I can't keep ahead of the cheese heads so I smoked 9 blocks of cream cheese and 2 swiss,2 provolone and 2 monterey jack.

The cream cheese goes quick,my wife mixes it with different jellies and sweet pickle relish and peppers for a dip and my buddy's daughter  likes it plain and uses Bugels to dip into it to make little smoked cream cheese ice cream cones , she says she can get more cheese that way instead of using crackers ( she even brings her own bag of Bugels)  

My stash (buddies no where I keep it!)
	

		
			
		

		
	








what I've been using ,can with chips  and strainer with saw dust


----------



## Bearcarver (Aug 27, 2010)

Little smoked cream cheese ice cream cones---What a Great idea!

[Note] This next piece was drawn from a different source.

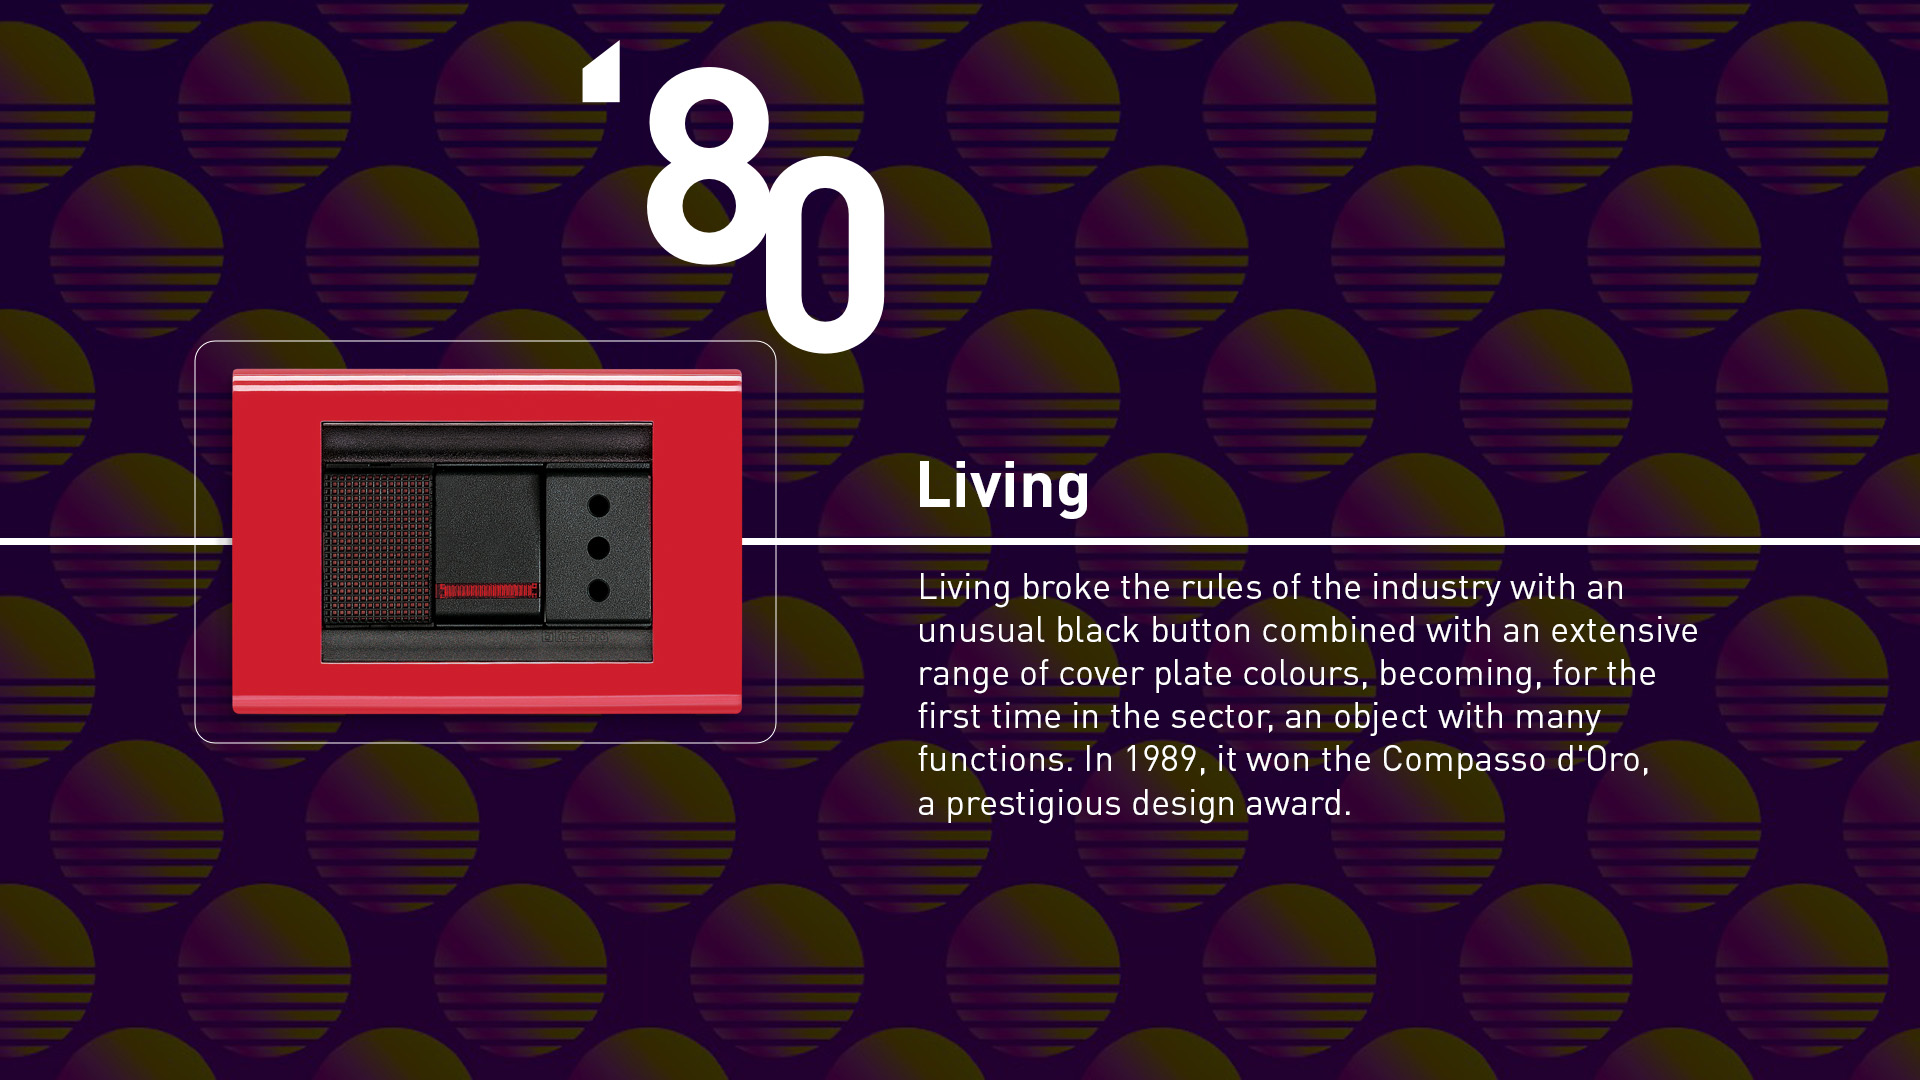 Living (1980). The range that broke the rules with an unusual black button combined with an extensive range of cover plate colours (like the red portrayed) and many functions.

Your cheese looks a little too much on the silver side.
	

	
	
		
		



		
		
	


	





Bear


----------



## dave54 (Aug 27, 2010)

from using siver maple chips? lol


----------



## mballi3011 (Aug 27, 2010)

But aren't those Quarters hard to grate on the grater for that silver dust??? Now the cheese I bet taste good but smoked cream cheese hhaAAmmmmm.


----------



## dave54 (Aug 27, 2010)

mballi3011 said:


> But aren't those Quarters hard to grate on the grater for that silver dust??? Now the cheese I bet taste good but smoked cream cheese hhaAAmmmmm.


I can't keep the cream cheese Of all the cheeses I smoke cream cheese is the first to get eaten........and quickly


----------



## ak1 (Aug 27, 2010)

How the heck do you smoke cream cheese?? I would think it's way to soft to smoke properly.


----------



## dave54 (Aug 27, 2010)

AK1 said:


> How the heck do you smoke cream cheese?? I would think it's way to soft to smoke properly.


Ice......BIG bowl right underneith it


----------



## ak1 (Aug 27, 2010)

dave54 said:


> Ice......BIG bowl right underneith it


Great, thank you. Can't wait to try some!


----------